───── INPUT FOR THIS TASK ─────

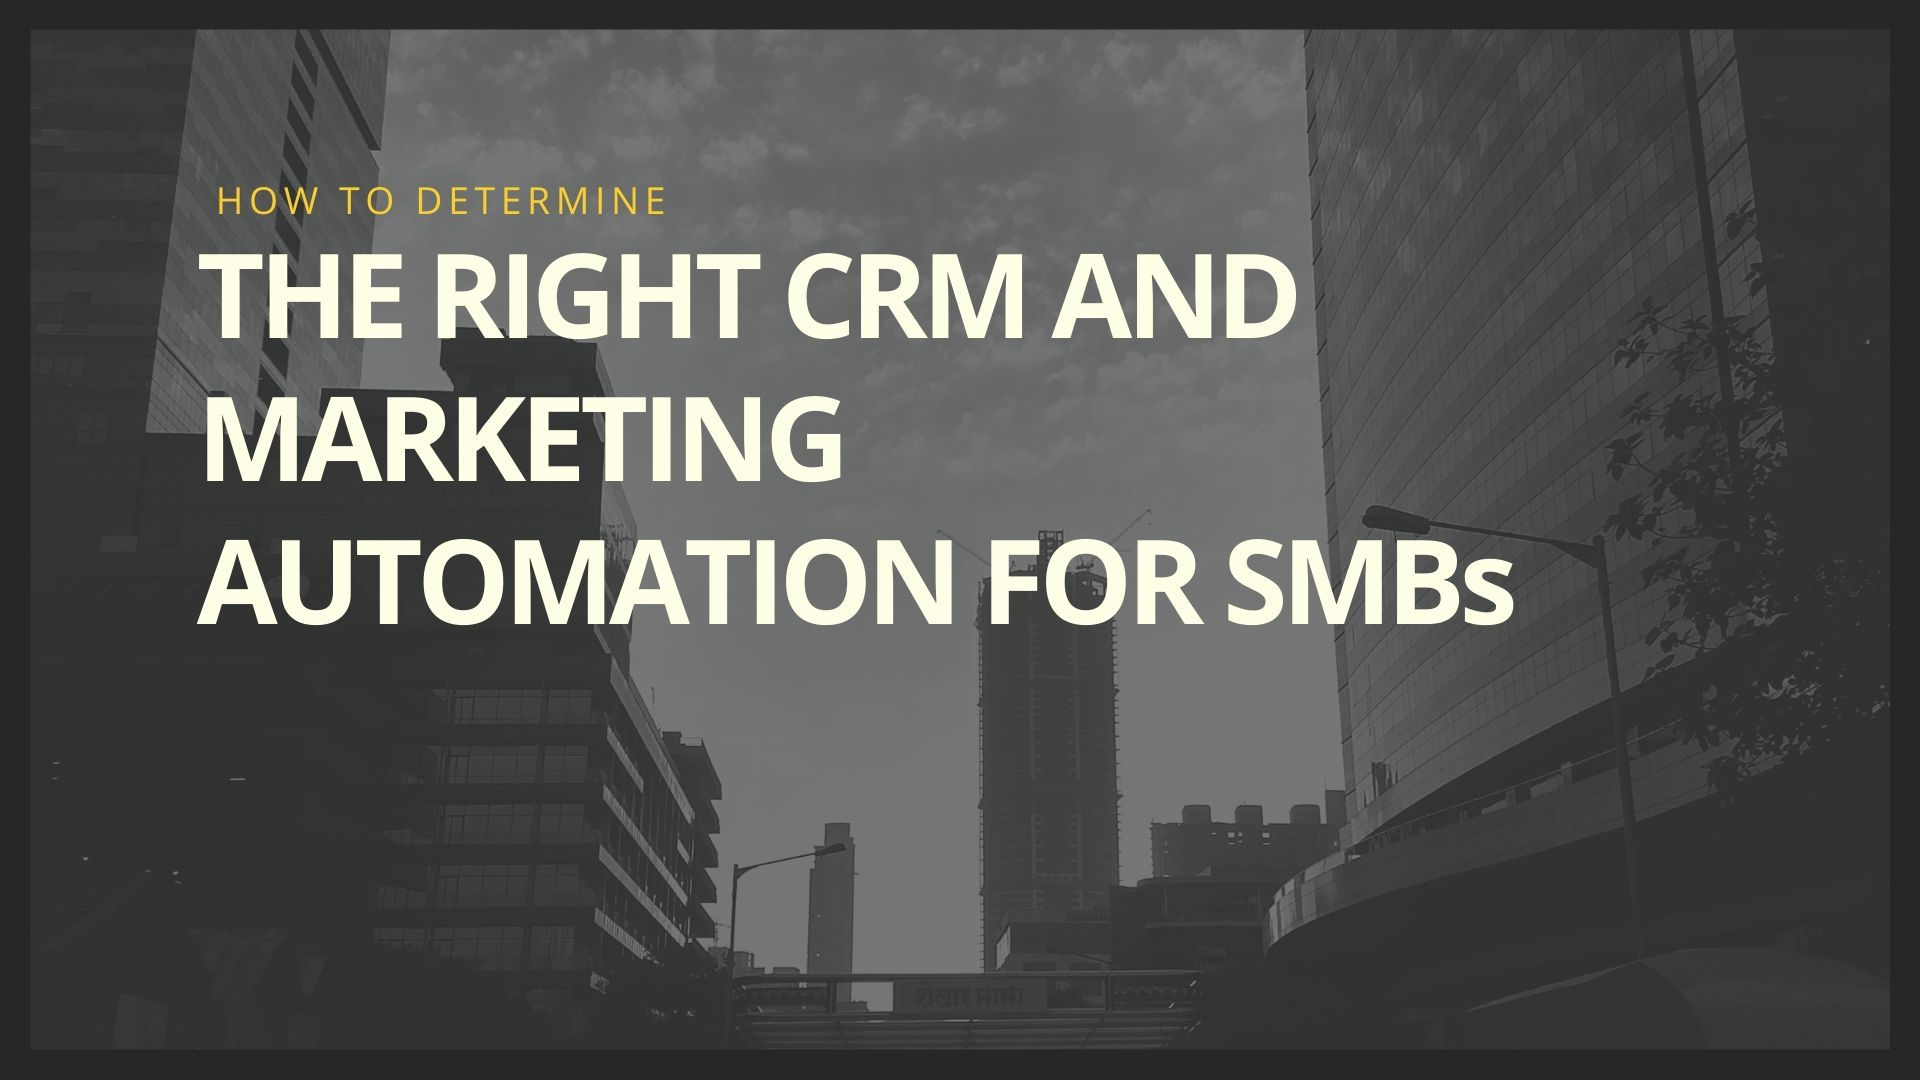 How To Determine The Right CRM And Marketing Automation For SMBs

─────
───── INPUT FOR THIS TASK ─────

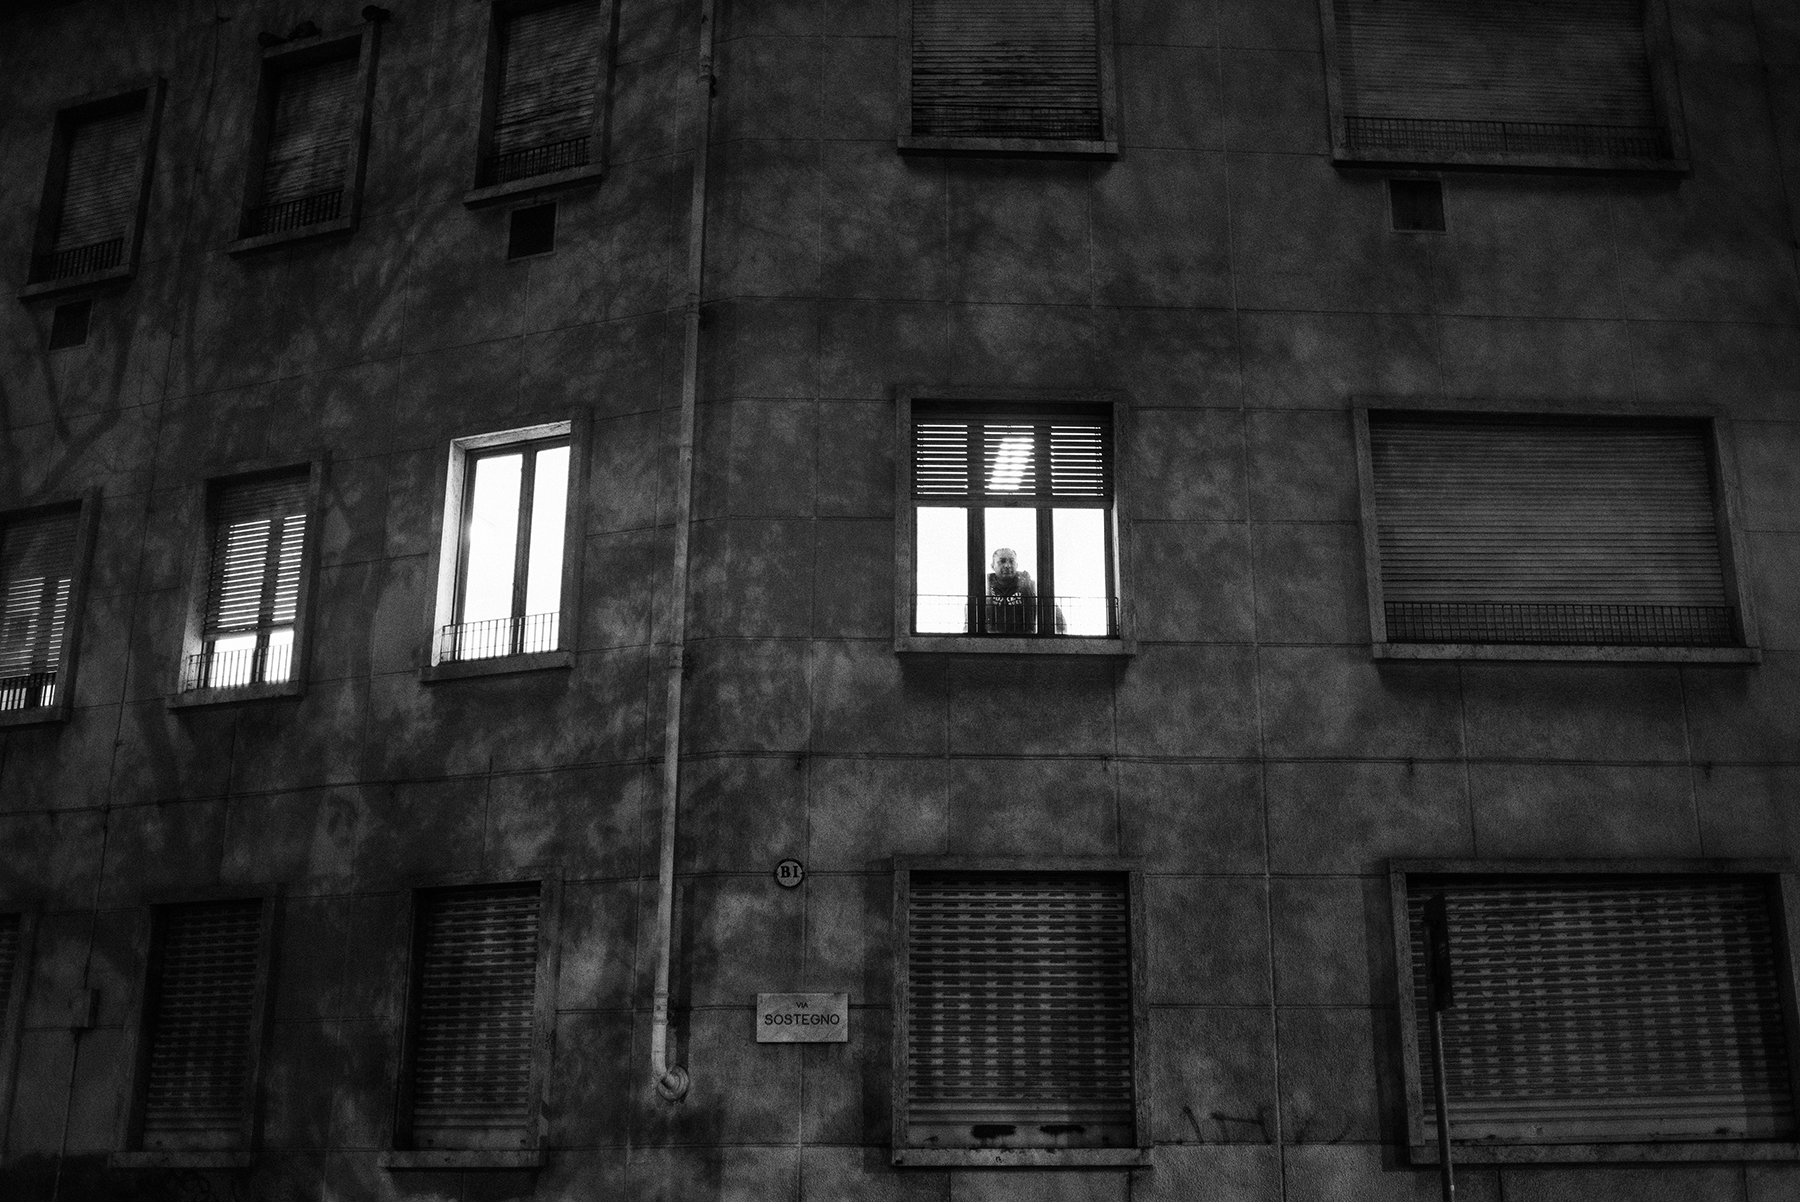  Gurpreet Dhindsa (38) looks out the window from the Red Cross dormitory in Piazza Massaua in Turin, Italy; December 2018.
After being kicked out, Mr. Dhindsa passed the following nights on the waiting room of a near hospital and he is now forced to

─────
───── INPUT FOR THIS TASK ─────

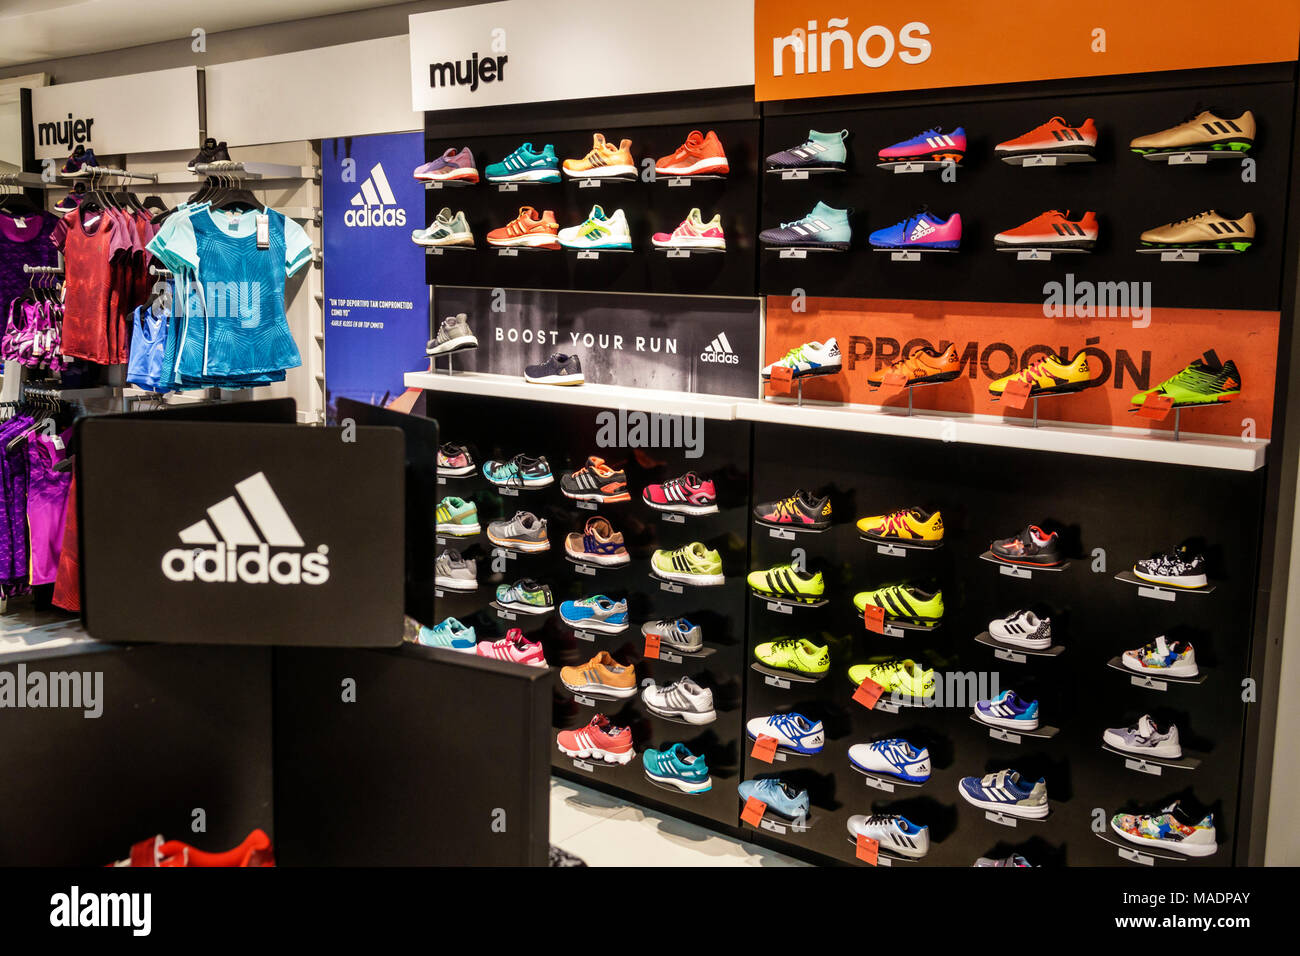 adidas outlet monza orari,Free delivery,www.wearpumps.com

─────

:: WORK REQUEST ::
Within the listing above, extract exactly the lines that run from the one containing "Gurpreet Dhindsa (38)" through the one containing "After being kicked", excluding any pictures.

:: EXERCISE RESPONSE ::
  Gurpreet Dhindsa (38) looks out the window from the Red Cross dormitory in Piazza Massaua in Turin, Italy; December 2018.
After being kicked out, Mr. Dhindsa passed the following nights on the waiting room of a near hospital and he is now forced to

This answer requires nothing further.